Pembalasan Iran Atas Pembunuhan Jenderal Qasem Soleimani oleh Amerika Serikat

 In Politik, Top

Timur Tengah kembali membara setelah Presiden Donald Trump memerintahkan militer Amerika Serikat membunuh Qasem Soleimani, komandan Pasukan Quds Pengawal Revolusi Islam Iran di bandara internasional Bagdad, Irak.

Pembunuhan tersebut menimbulkan protes keras di dalam negeri Republik Islam Iran. Pemimpin tertinggi Republik Islam Iran Ayatullah Ali Khamenei bersumpah akan melakukan pembalasan terhadap kematian Jenderal Soleimani.

Di dalam negeri Iran pada hari Jum’at (3/1) terjadi demonstrasi besar-besaran yang mengutuk Donald Trump dan Amerika Serikat. Puluhan ribu rakyat Iran turun ke jalan memprotes pembunuhan Jenderal Soleimani.
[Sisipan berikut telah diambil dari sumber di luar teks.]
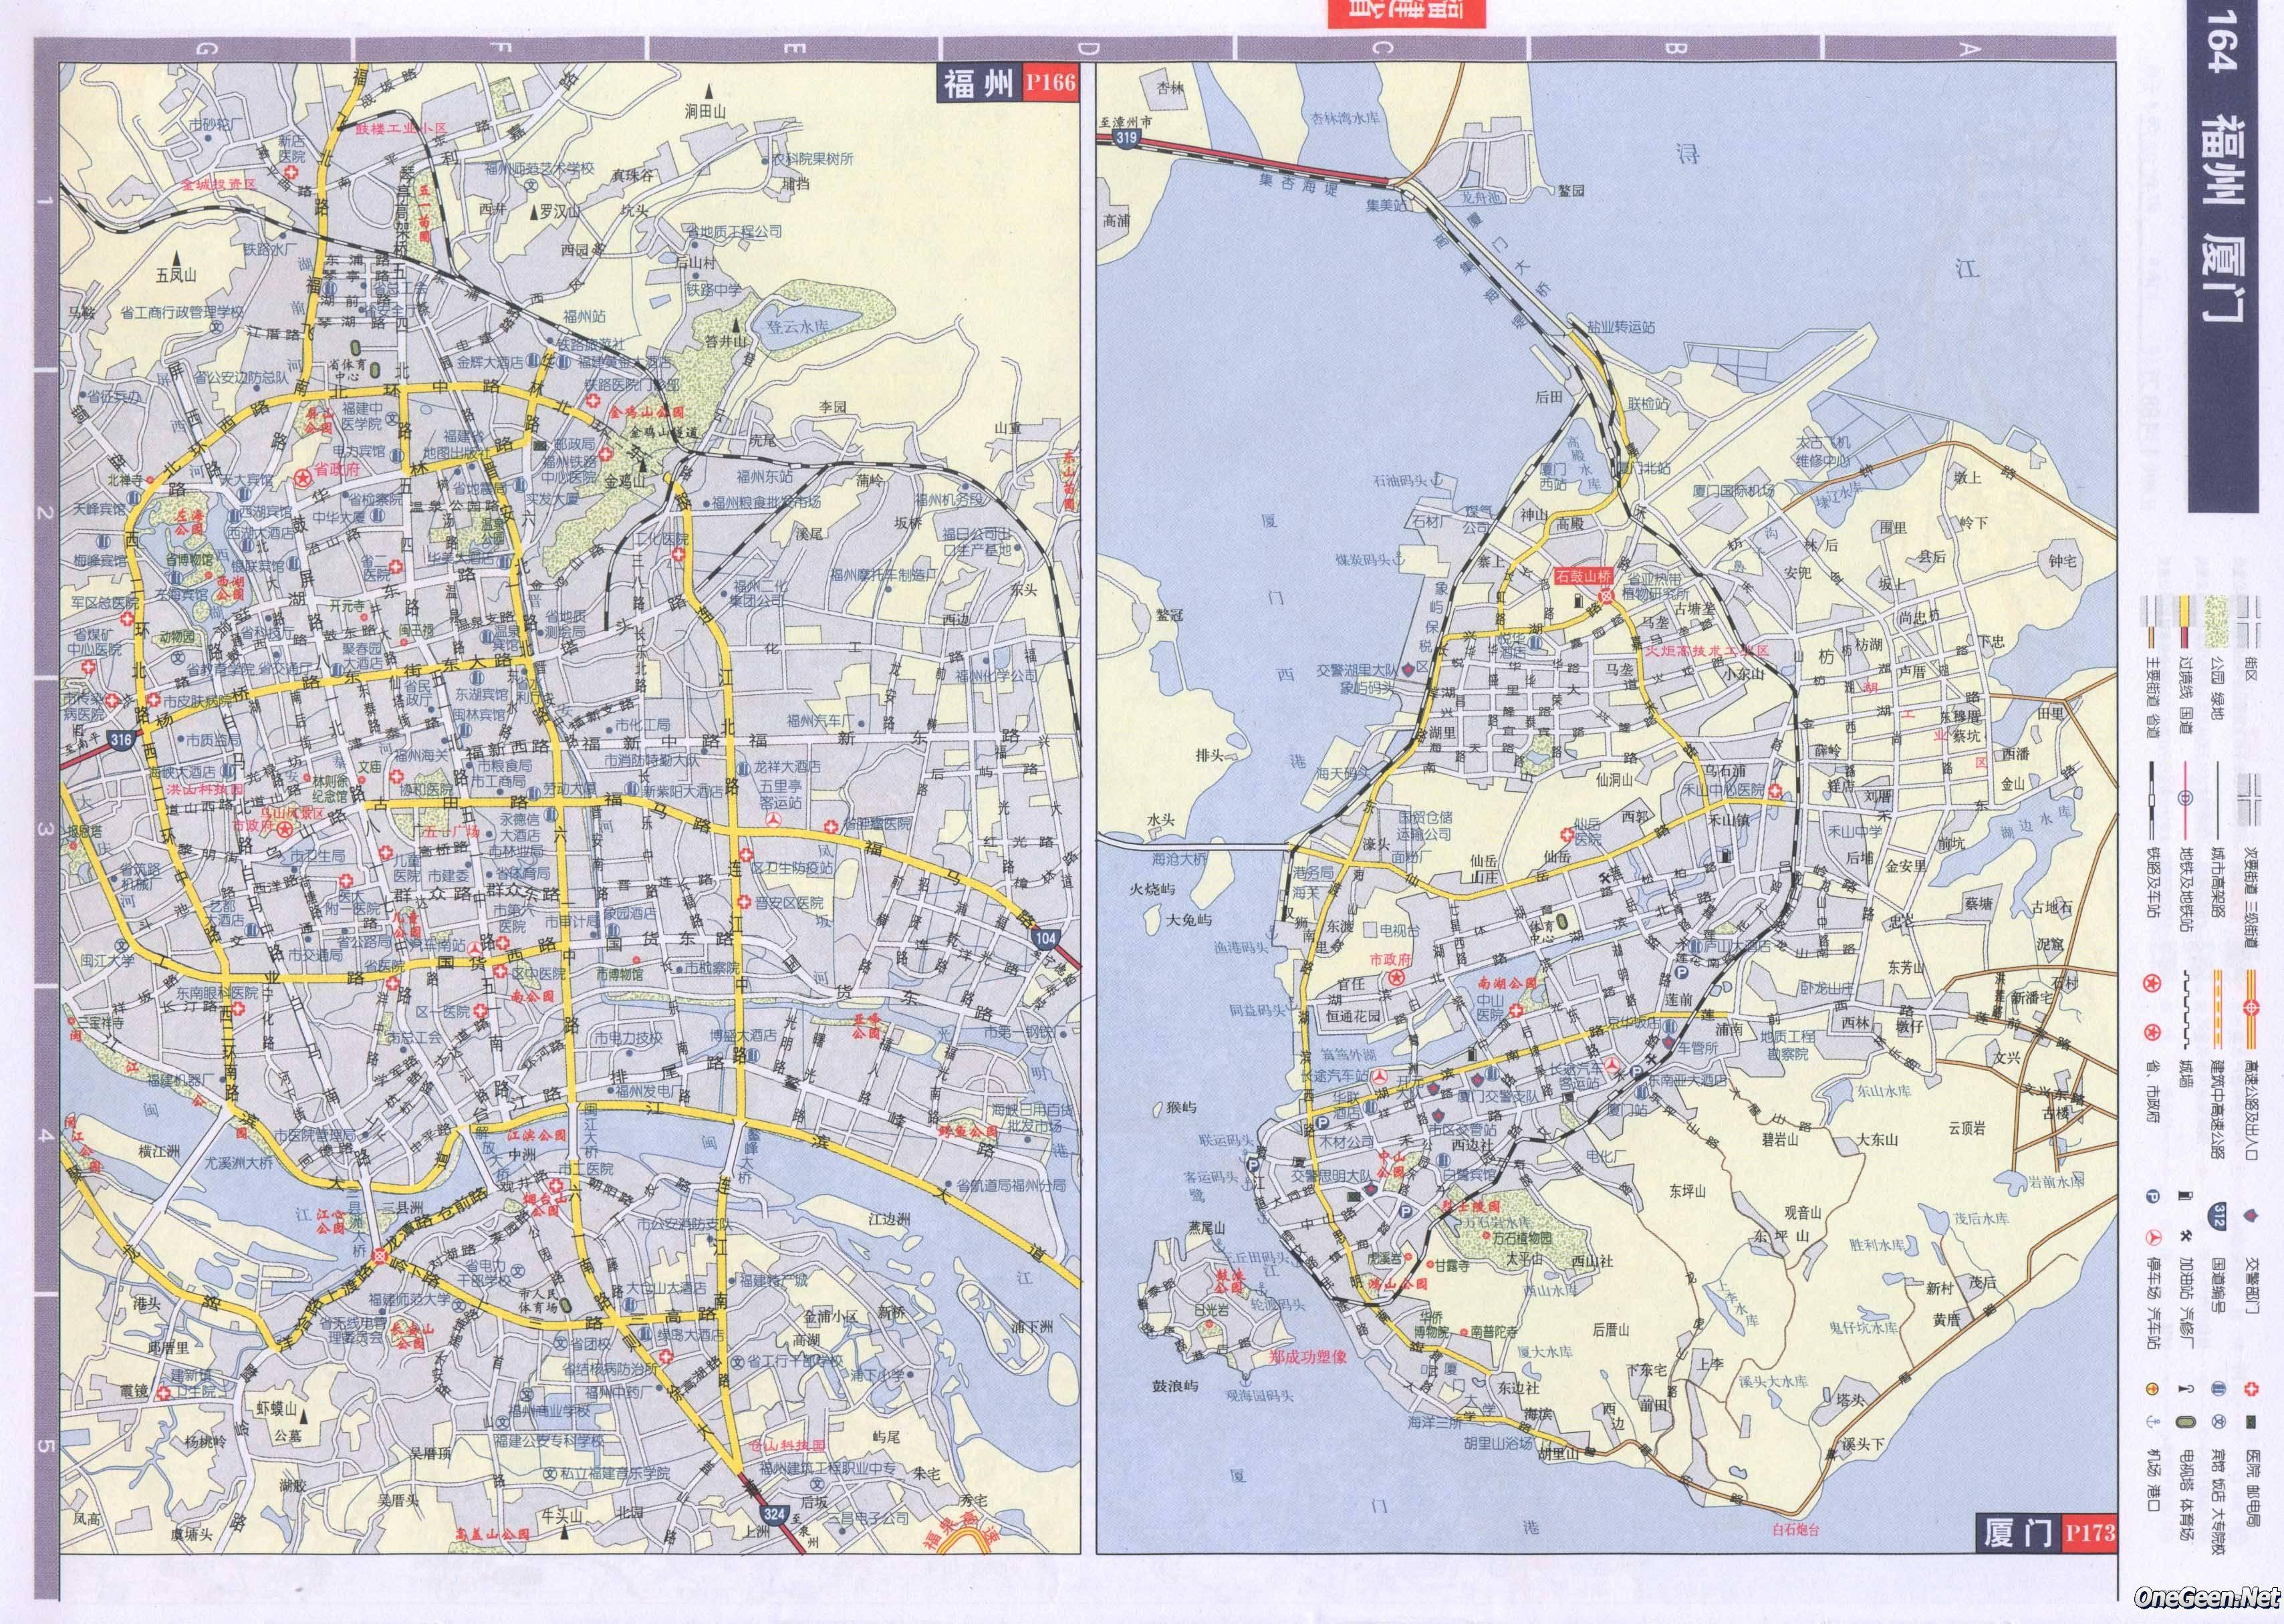 福建福州市区地图_福建省福州市厦门市交通地图_交通地图库_地图窝

Sementara itu, di dalam negeri Amerika Serikat, terjadi demonstrasi di berbagai kota yang menolak perang dengan Iran. Mereka juga menyerukan supaya pasukan Amerika Serikat di Irak segera ditarik.


Ancaman Iran Serius

Satu-satunya negara di Timur Tengah yang berani menantang dan melawan Amerika Serikat ialah Republik Islam Iran.

Iran ditakuti bukan saja karena memiliki angkatan bersenjata yang kuat, tetapi memiliki militansi yang tinggi, persatuan yang kuat serta mempunyai jaringan militer yang terlatih di Libanon, Palestina, Yaman, Suriah, dan Irak yang siap digerakkan untuk melakukan pembalasan atas kematian Jenderal Qassem Soleimani.
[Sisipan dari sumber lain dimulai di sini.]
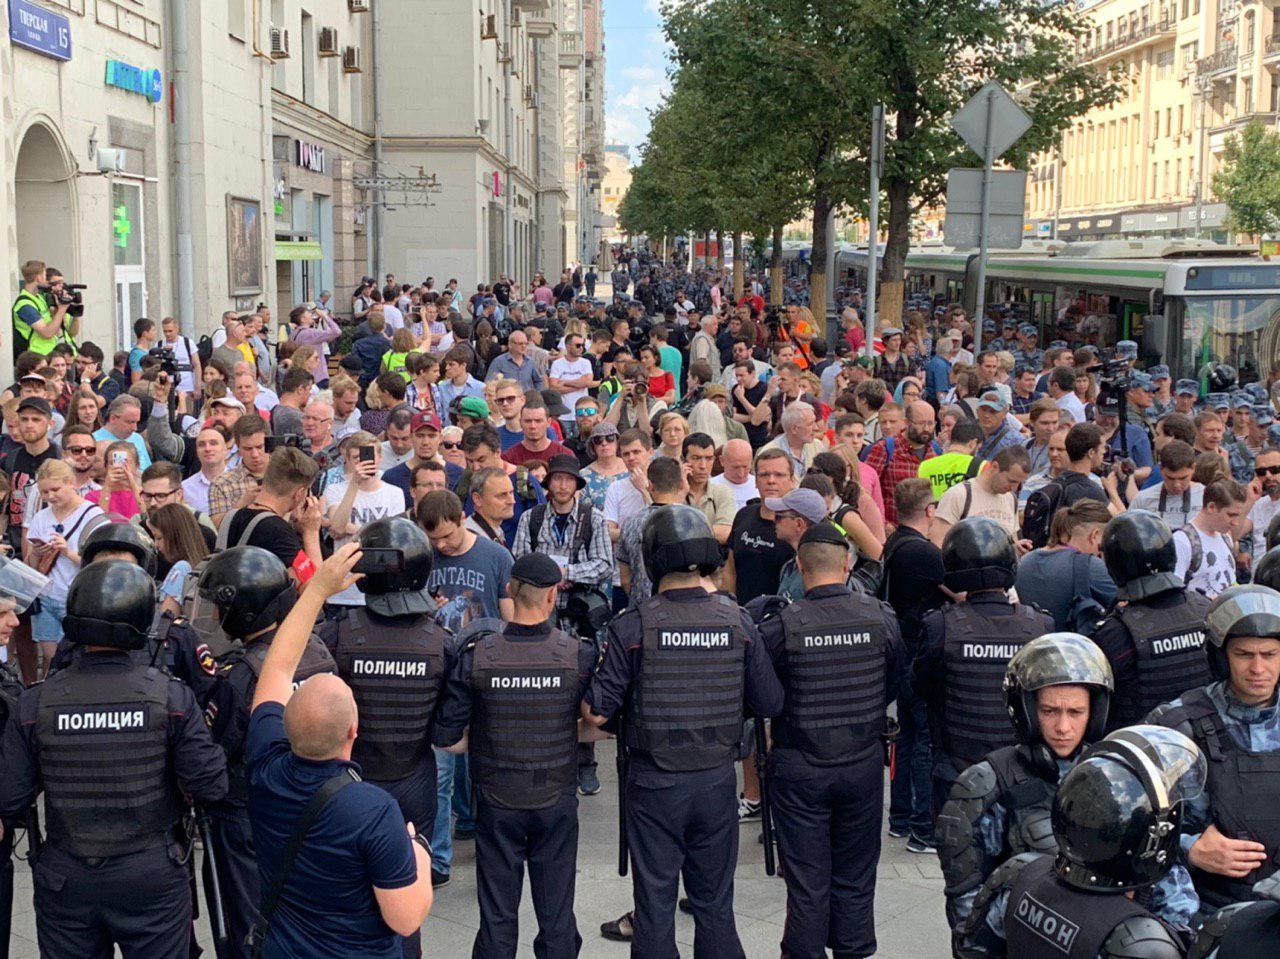 Итоги несогласованного митинга в Москве 27 июля

Pertanyaannya, apa yang akan menjadi sasaran untuk melakukan balas dendam atas syahidnya Jenderal Soleimani?

Boleh jadi pangkalan militer, barak militer, kantor kedutaan besar, diplomat, Donald Trump atau keluarganya, membom kilang minyak, dan sebagainya.

Oleh karena yang bersumpah adalah pemimpin spiritual Republik Islam Iran, maka pasti dilaksanakan aksi balas dendam. Kapan dilaksanakan aksi balas dendam? Bisa cepat atau melibat sasaran yang jika dilakukan akan memberikan ledakan yang menakutkan dan mengguncangkan.

Sekarang ini, negara-negara di kawasan Timur Tengah yang menjadi kaki tangan Amerika Serikat, pasti ketakutan karena bisa saja aksi balas dendam atas syahidnya Jenderal Qassem Soleimani, mereka yang menjadi sasaran.

Semoga eskalasi ancaman perang antara Republik Islam Iran dengan Amerika Serikat bisa diredam, sehingga tidak berubah menjadi perang dunia lll.